Can magnetic fields have any geometry we want?

[physea]

Is it possible to have a magnetic field of a any geometry we want, or there are only few types of geometries that can be achieved with permanent magnets and electromagnets? If the former, how do we produce a magnetic field of specific geometry? For example, can the magnetic field be cylindrical or can it be swirl? If the latter, can I see what are the available geometries of all the possible magnetic fields?

 

[Orodruin]

No. By Maxwell's equations the magnetic field must be divergence free.

 

[rumborak]

That said, I would think that in a limited space you should be able to approximate any field distribution arbitrarily closely, with enough surrounding magnets.

 

[Orodruin]

That said, I would think that in a limited space you should be able to approximate any field distribution arbitrarily closely, with enough surrounding magnets.
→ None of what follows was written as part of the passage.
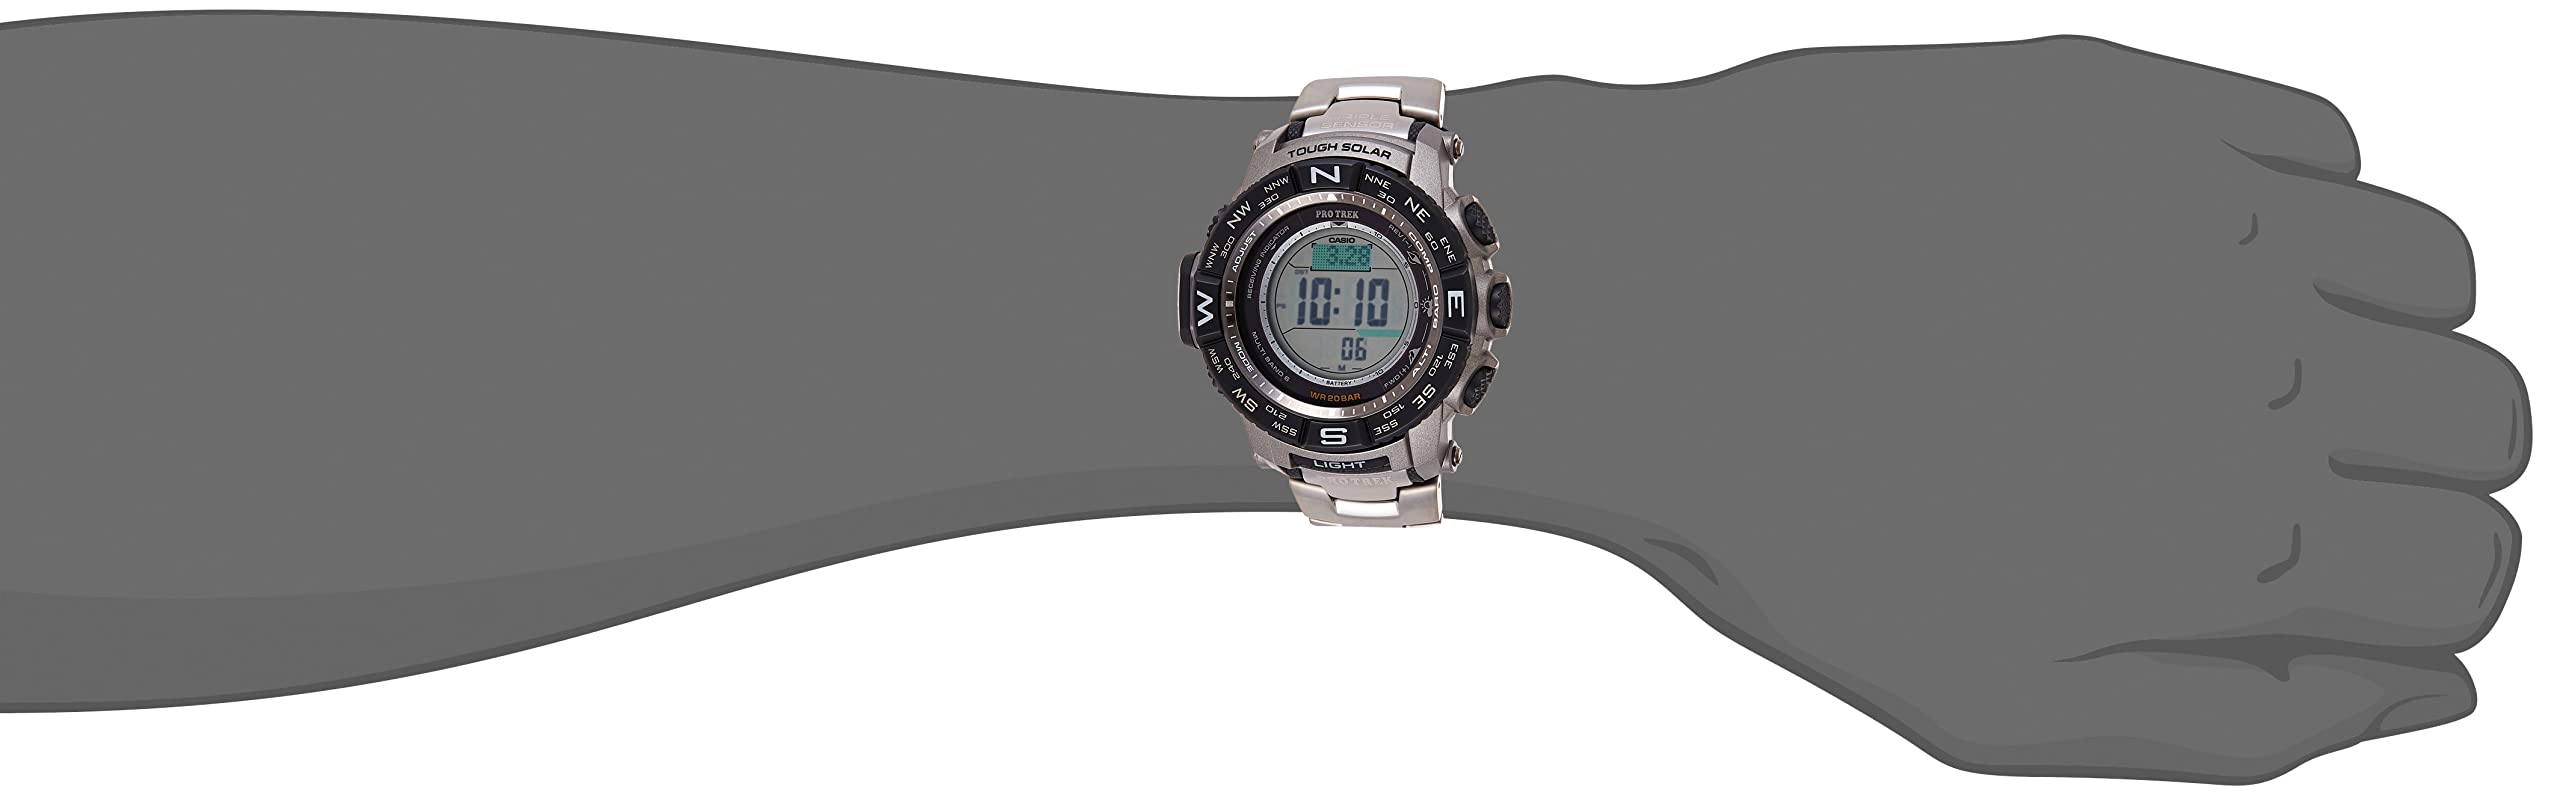 Casio Men's Pro Trek PRW-3500T-7CR Tough Solar Triple Sensor Digital Sport Watch

No. This fails due to your "arbitrarily closely". This cannot be true based on post #2. You cannot come arbitrarily close to a field with non-zero divergence using just divergence free fields.

 

[rumborak]

That depends on the definition of "close". True, of course you will never have a non-zero divergence, but if the incoming field lines are bundled very close together and then fan out radially, you are very close to emulating non-zero divergence.

 

[Orodruin]

That depends on the definition of "close". True, of course you will never have a non-zero divergence, but if the incoming field lines are bundled very close together and then fan out radially, you are very close to emulating non-zero divergence.

No you are not. The field will still have exactly zero divergence - just like the electric field of a point charge away from the point charge. As long as your definition of "close" is reasonable, you will always be able to find a field with non-zero divergence that is closer to the target field (with non-zero divergence) than any divergence free field and so you cannot get arbitrarily close.

If you are thinking of emulating a monopole field in some finite region that excludes the pole - that field is divergence free in that region.

 

[rumborak]

I am suggesting an "engineering approximation" here, where you try to confine the errors to an arbitrarily small region of space.

It's the same as with the Gibbs phenomenon when approximating a signal with sine waves. You will never get rid of the overshoot because it is a mathematical consequence, but if your definition of "close" is "minimize the amount of space with errors", you can get arbitrarily close.

 

[Orodruin]

I am suggesting an "engineering approximation" here, where you try to confine the errors to an arbitrarily small region of space.

It's the same as with the Gibbs phenomenon when approximating a signal with sine waves. You will never get rid of the overshoot because it is a mathematical consequence, but if your definition of "close" is "minimize the amount of space with errors", you can get arbitrarily close.

In the case of Gibbs' phenomenon, you will not be able to find a function that better approximates the target function than all superpositions of sine waves because the sine waves form a dense basis and closeness here has a definite meaning in terms of the $L^2$ norm. This stands in stark contrast to the case of a divergence free field approximating a field with non-zero divergence.